Ostatnio coraz częściej sięgamy po chińszczyznę - tanie ozdoby choinkowe z plastiku, często bez żadnej dekoracji. Są jednak bombki inne niż wszystkie, szklane, malowane ręcznie we wzory kujawskie. Ozdoby te powstają we włocławskiej atelier "Kropka" Grażyny Guźleckiej.
Tutaj jest sylwetka Grażyny Guźleckiej
Grażyna Guźlecka przez kilka lat pracowała we Włocławskich Zakładach Ceramiki Stołowej we Włocławku, między innymi jako projektantka wzornictwa przemysłowego. Wcześniej projektantem znanych "włocławków" - wicków, pater, serwisów do kawy był w tej fabryce jej tata, Jan Sowiński.
Moda na ręcznie zdobiony włocławski fajans co prawda minęła , wyroby fajansowe stały się bardziej przedmiotem kolekcji niż pożądania w gospodarstwie domowym, ale Grażyna Guźlecka postanowiła uratować coś z tej tradycji.

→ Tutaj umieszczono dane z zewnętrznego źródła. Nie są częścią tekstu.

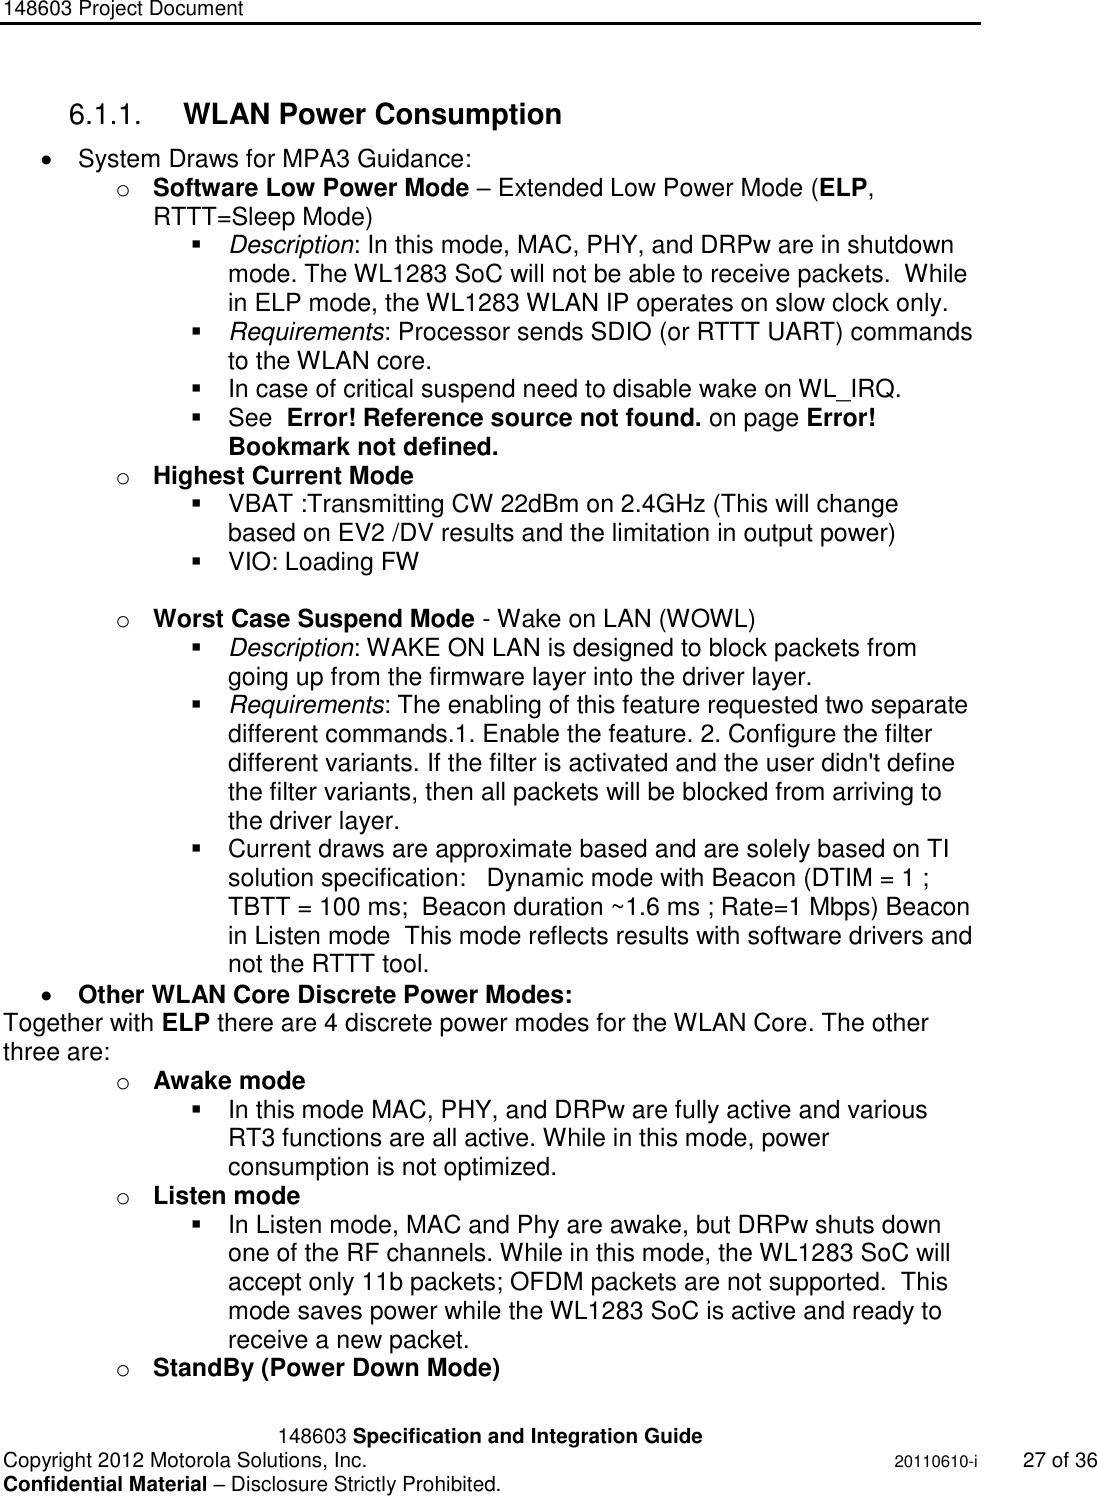 148603 Project Document       148603 Specification and Integration Guide  Copyright 2012 Motorola Solutions, Inc.    20110610-i 27 of 36 Confidential Material – Disclosure Strictly Prohibited. &quot;Ni ckel Leucochroic  Puffin&quot; 6.1.1.  WLAN Power Consumption   System Draws for MPA3 Guidance: o Software Low Power Mode – Extended Low Power Mode (ELP, RTTT=Sleep Mode)  Description: In this mode, MAC, PHY, and DRPw are in shutdown mode. The WL1283 SoC will not be able to receive packets.  While in ELP mode, the WL1283 WLAN IP operates on slow clock only.   Requirements: Processor sends SDIO (or RTTT UART) commands to the WLAN core.   In case of critical suspend need to disable wake on WL_IRQ.   See  Error! Reference source not found. on page Error! Bookmark not defined. o Highest Current Mode   VBAT :Transmitting CW 22dBm on 2.4GHz (This will change  based on EV2 /DV results and the limitation in output power)   VIO: Loading FW  o Worst Case Suspend Mode - Wake on LAN (WOWL)  Description: WAKE ON LAN is designed to block packets from going up from the firmware layer into the driver layer.   Requirements: The enabling of this feature requested two separate different commands.1. Enable the feature. 2. Configure the filter different variants. If the filter is activated and the user didn&apos;t define the filter variants, then all packets will be blocked from arriving to the driver layer.    Current draws are approximate based and are solely based on TI solution specification:   Dynamic mode with Beacon (DTIM = 1 ; TBTT = 100 ms;  Beacon duration ~1.6 ms ; Rate=1 Mbps) Beacon in Listen mode  This mode reflects results with software drivers and not the RTTT tool.  Other WLAN Core Discrete Power Modes: Together with ELP there are 4 discrete power modes for the WLAN Core. The other three are:  o Awake mode    In this mode MAC, PHY, and DRPw are fully active and various RT3 functions are all active. While in this mode, power consumption is not optimized. o Listen mode    In Listen mode, MAC and Phy are awake, but DRPw shuts down one of the RF channels. While in this mode, the WL1283 SoC will accept only 11b packets; OFDM packets are not supported.  This mode saves power while the WL1283 SoC is active and ready to receive a new packet.  o StandBy (Power Down Mode)

Kwiatowe wzory z "wicków" przeniosła więc na choinkowe bombki
Ozdoby z kobaltowymi płatkami róży kujawskiej, ptaszkami, szyszkami i tzw. łapkami malowane są jednak nie tylko na białym tle. Grażyna Guźlecka wykorzystuje bowiem bardzo szeroką paletę kolorów, łącznie z typowo świątecznym złotem i srebrem.
Dekorowaniem choinkowych ozdób zajmują się byłe malarki fajansu - Danuta Paszkiewicz, jedna z najlepszych w tym fachu i jej uczennica - Aldona Zimowska.
W atelier "Kropka" powstają zarówno
12-centymetrowe bombki dekoracyjne
jak i mniejsze do zawieszenia na choinkę. Dekorowanie bombek wymaga nie tylko wprawnej ręki, ale i uwagi. W końcu tworzywo jest bardzo kruche. To szkło. Malowanie jest też czasochłonne. - Ozdabianie jednej kuli płatkami róż i innymi wzorami trwa godzinę - przyznaje Grażyna Guźlecka. Efekt? Oryginalne cacko, nawiązujące do tradycji.